[[ Dataset content open ]]
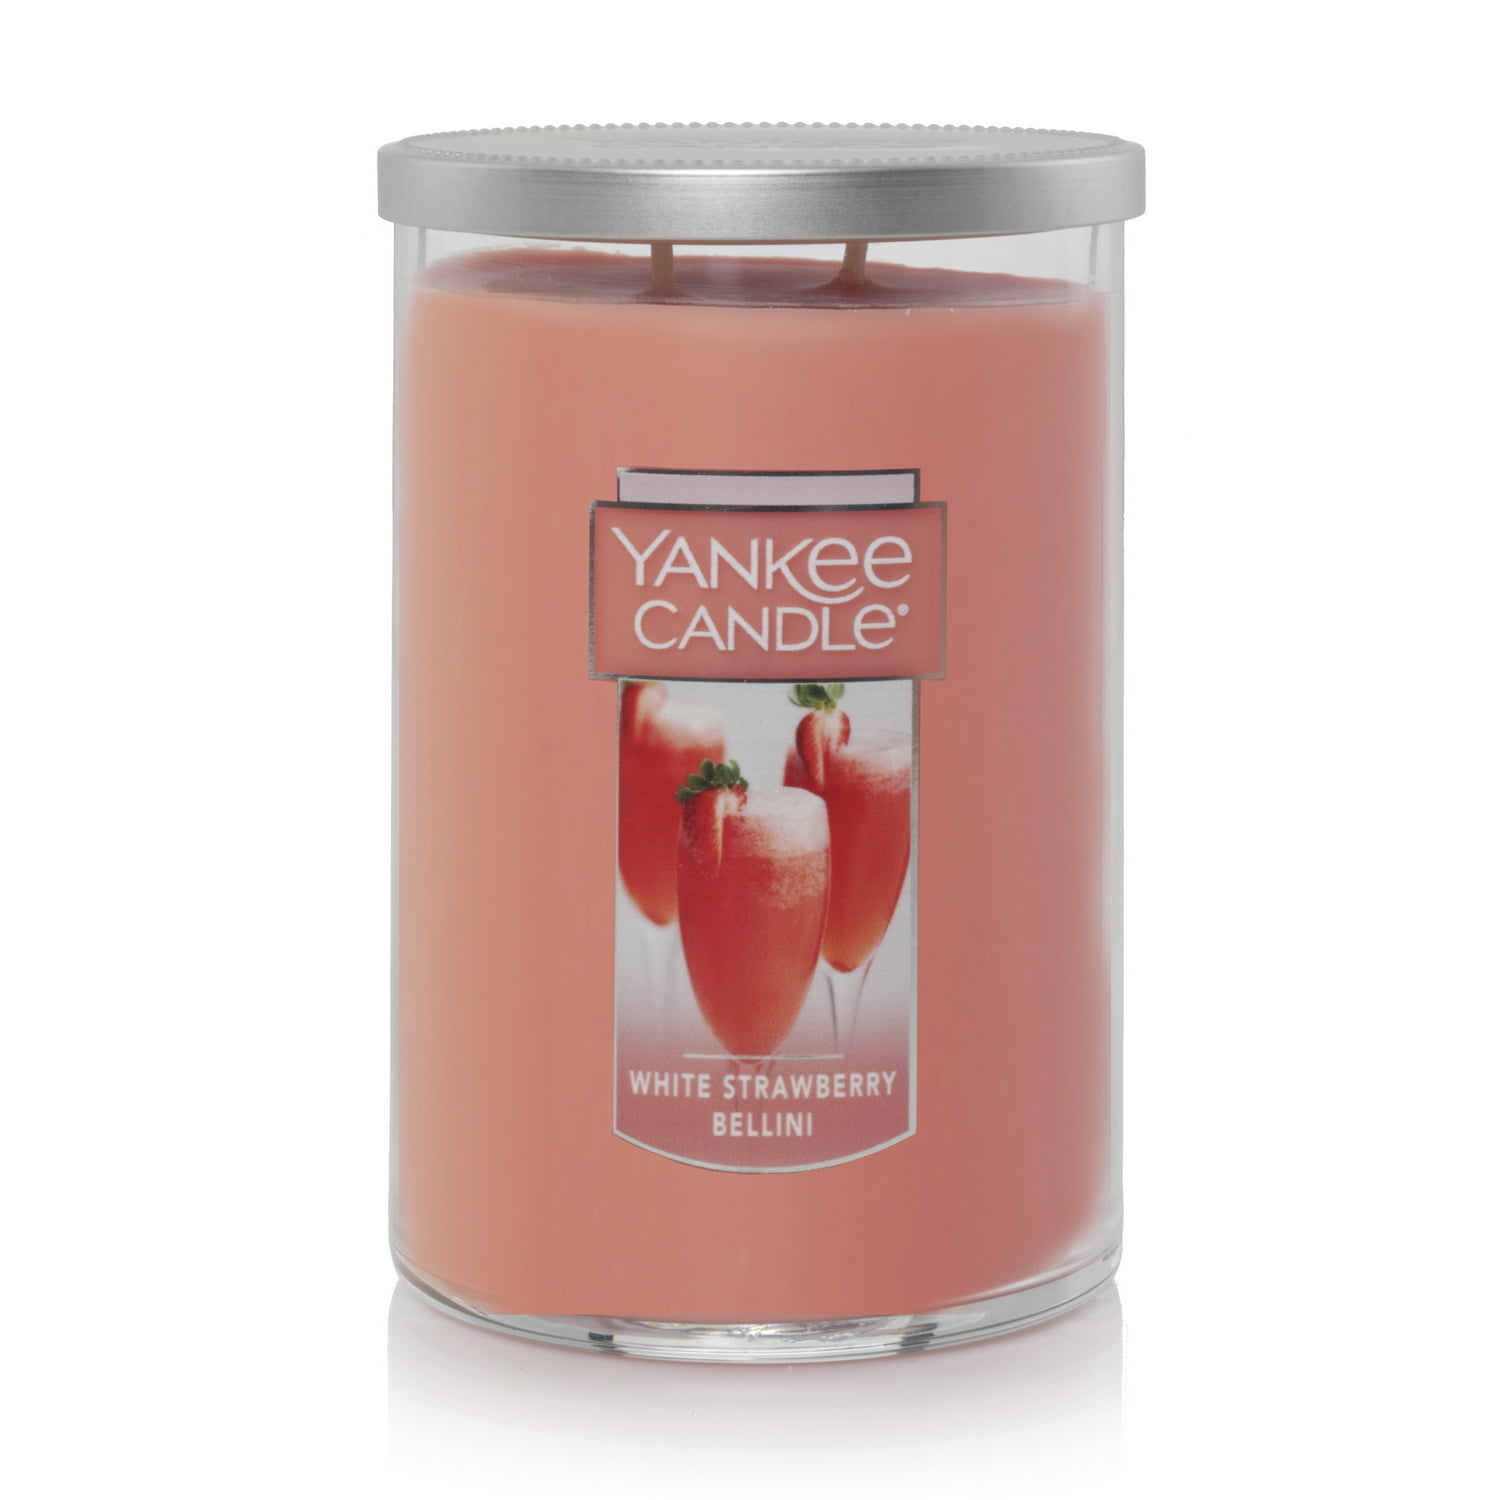 22-Oz Yankee Candle White Strawberry Bellini Large 2-Wick Tumbler Candle $11.51 + Free S&H w/ Walmart+ or $35+
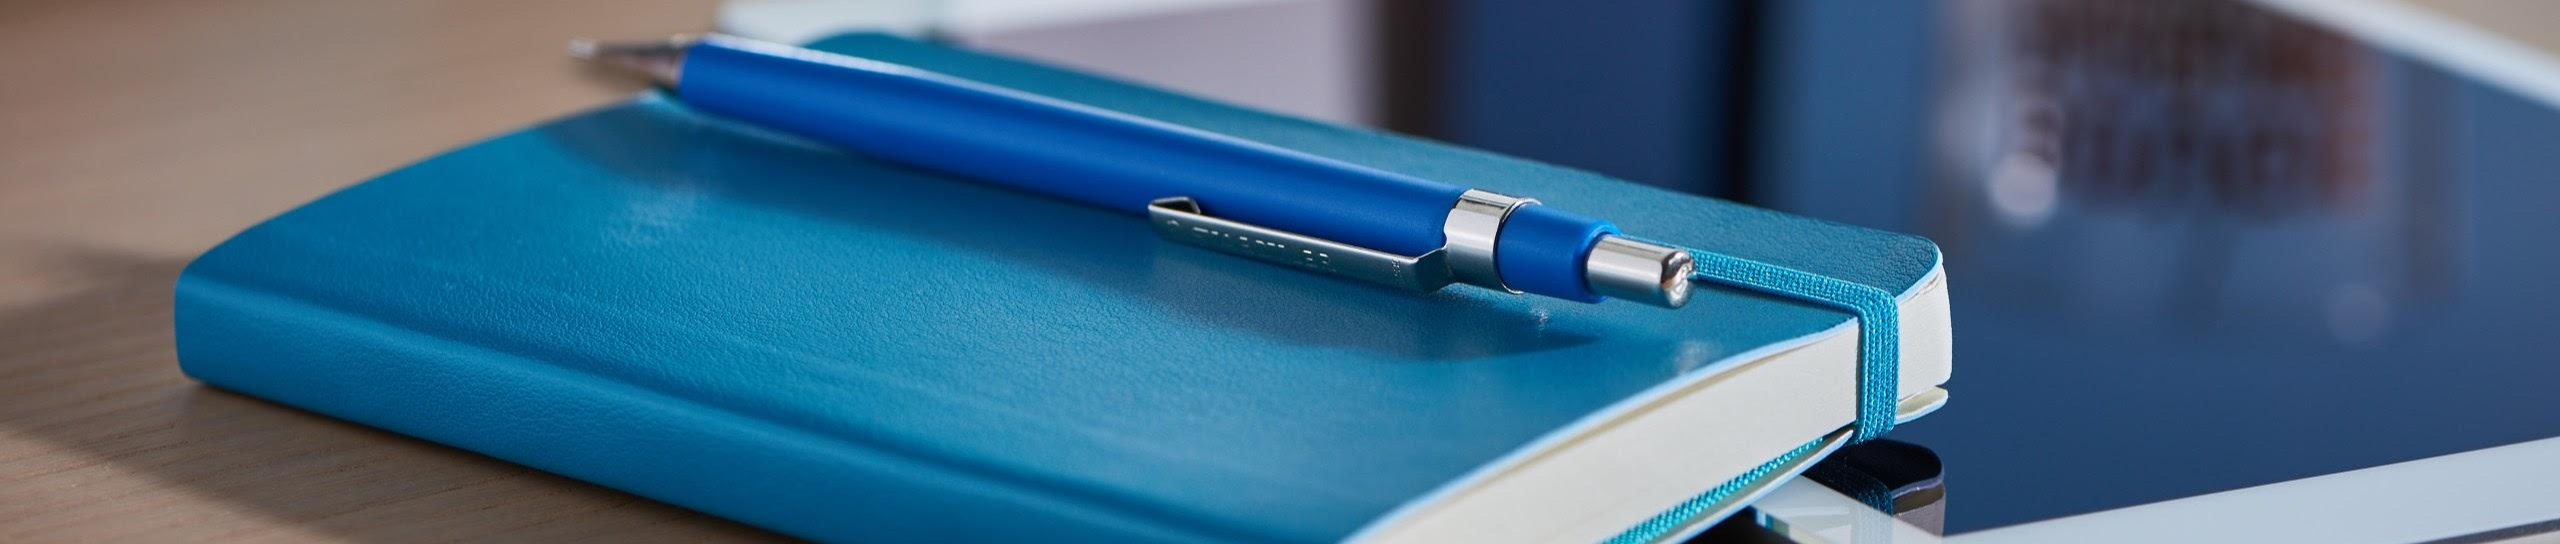  Blue notebook, pen and tablet on a table
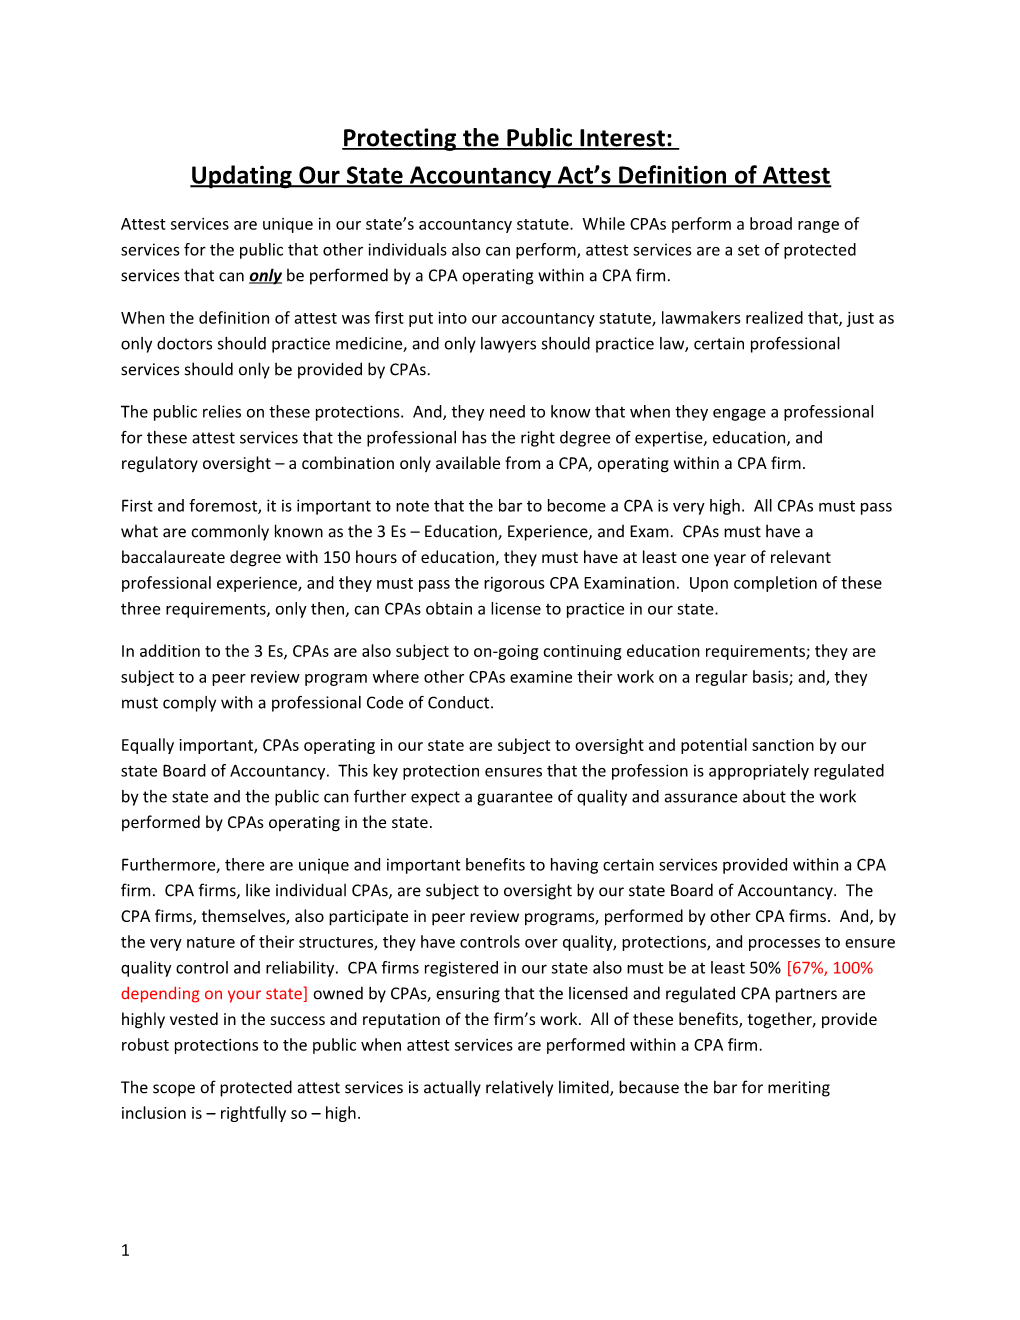 Protecting the Public Interest: Updating Our State Accountancy Act S Definition of Attest
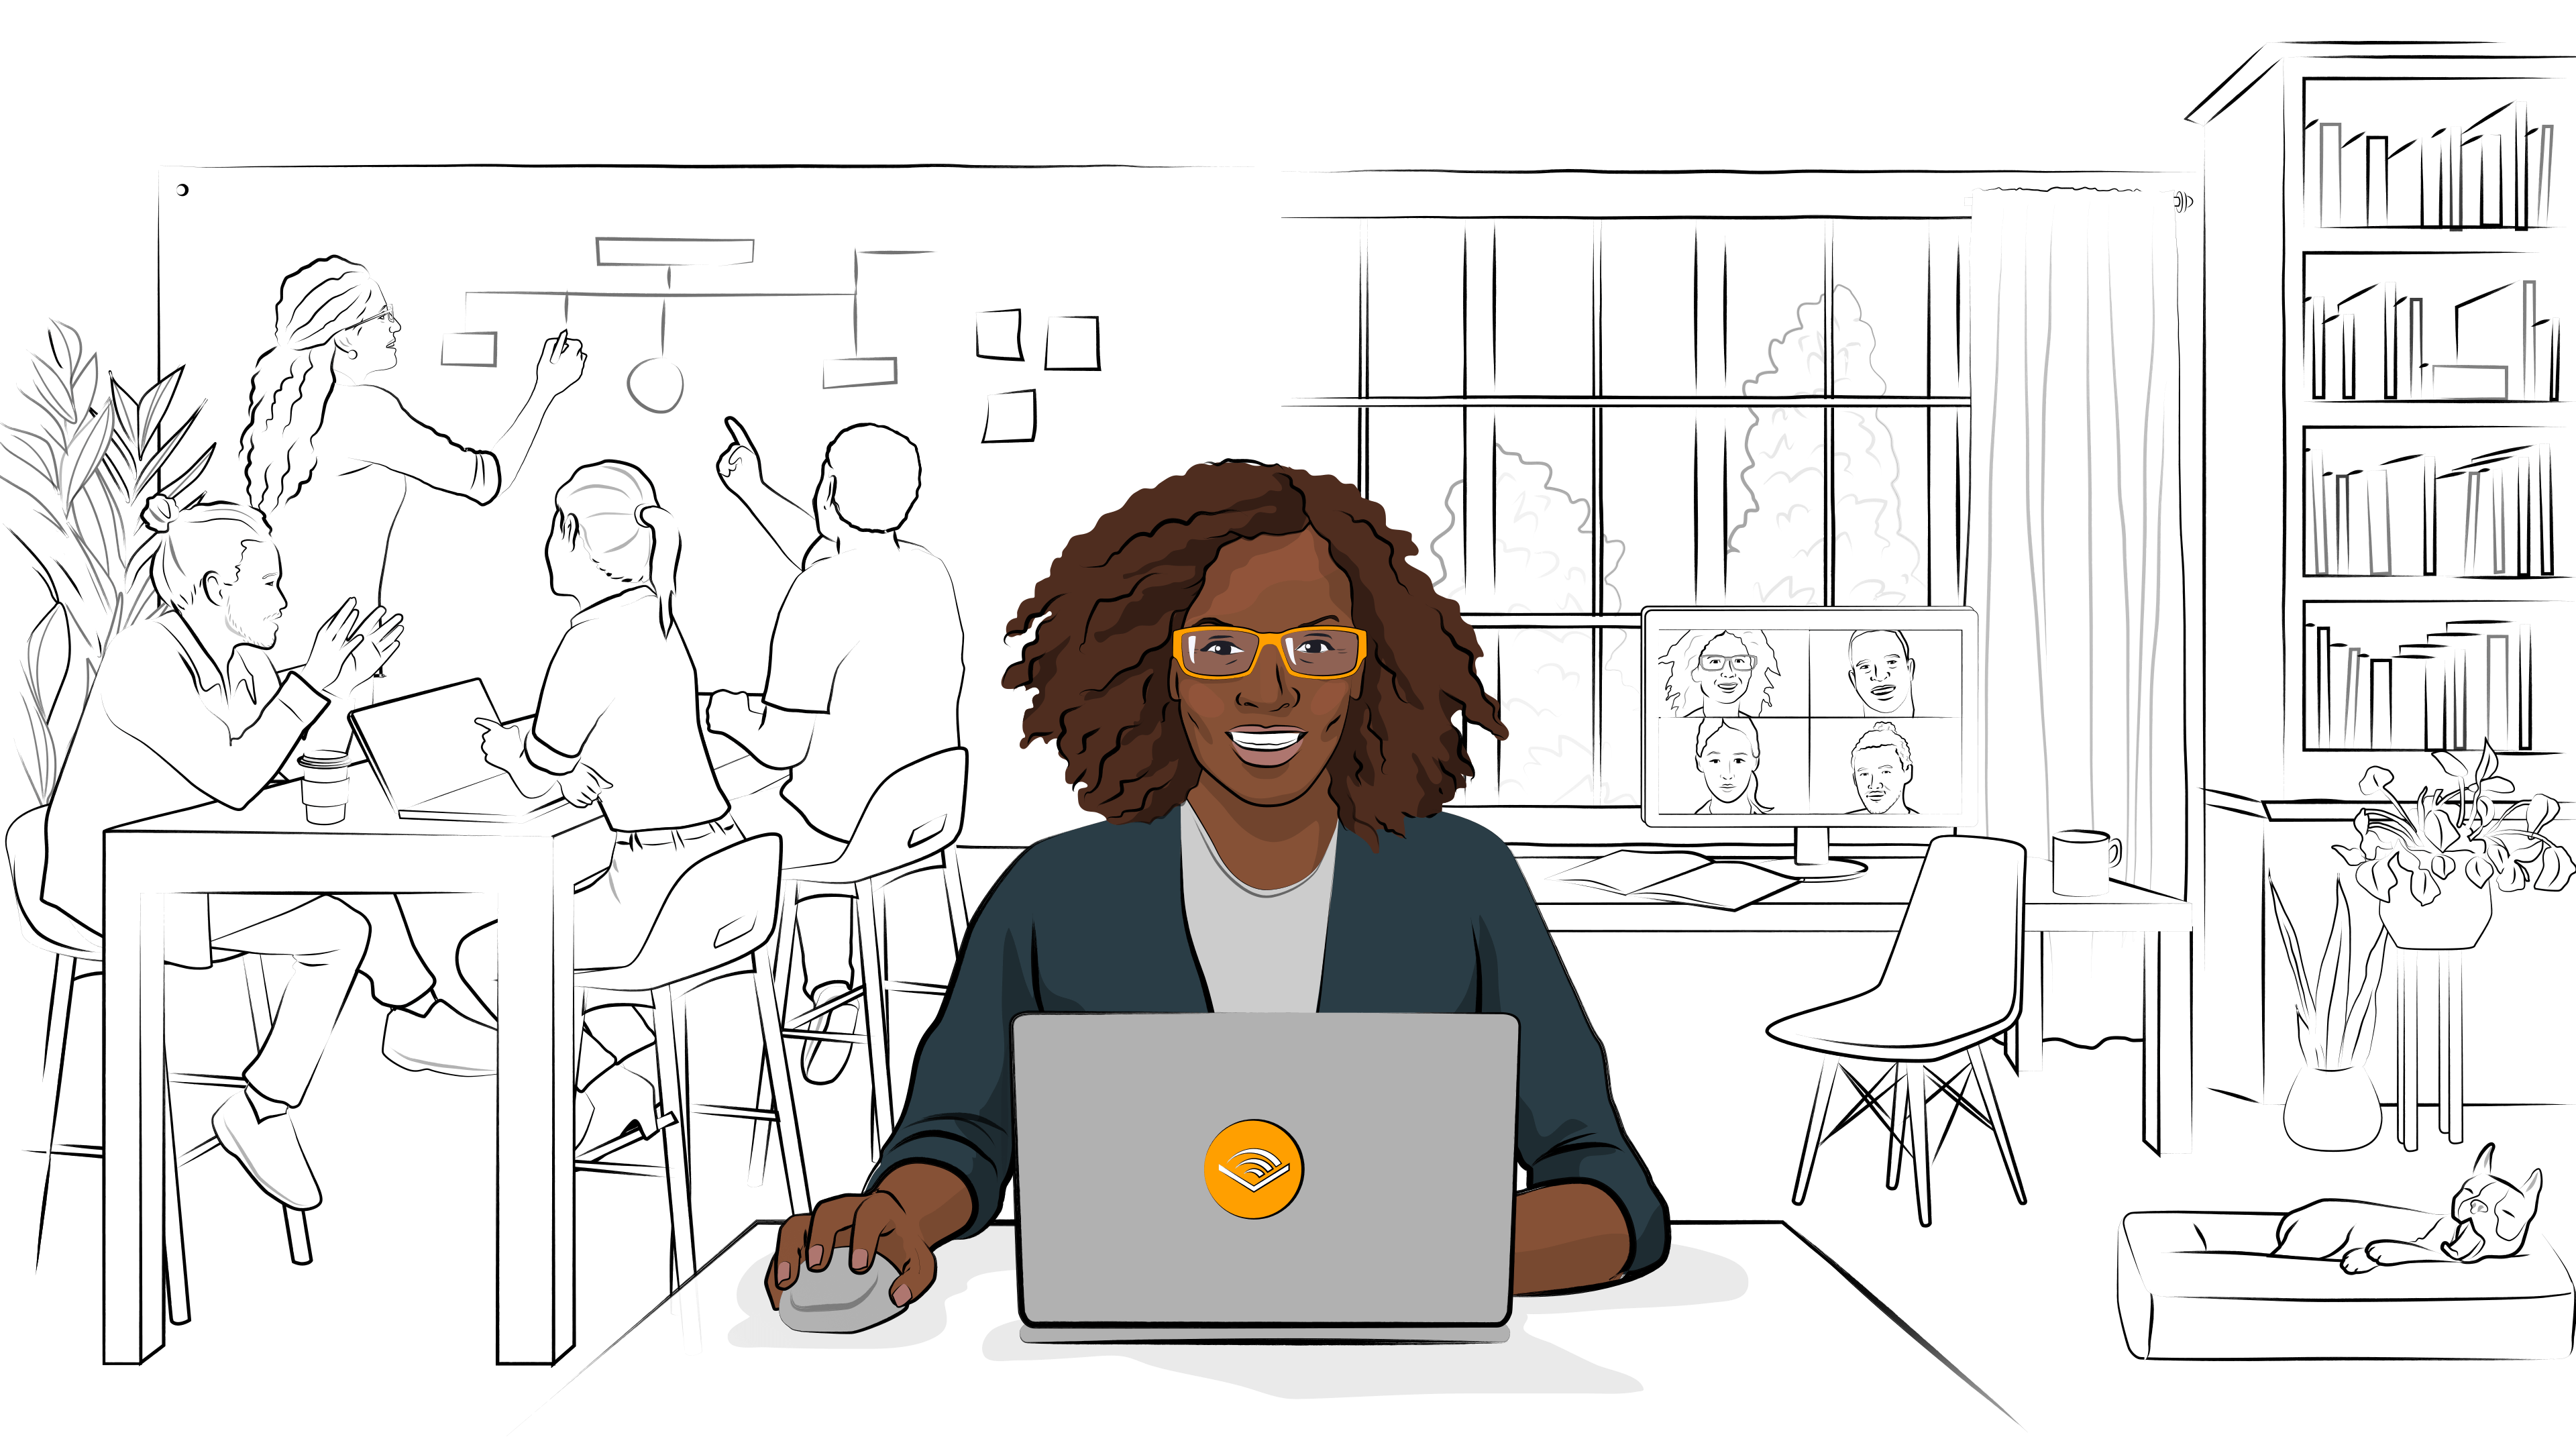 Cartoon image of a young woman working at her laptop
[[ Dataset content closed ]]
» Your assignment:
The lines from the one containing "Protecting the Public" to the final line of the material, both ends included, should be retyped exactly and alone, with no pictures.

» Task output:
 Protecting the Public Interest: Updating Our State Accountancy Act S Definition of Attest
 Cartoon image of a young woman working at her laptop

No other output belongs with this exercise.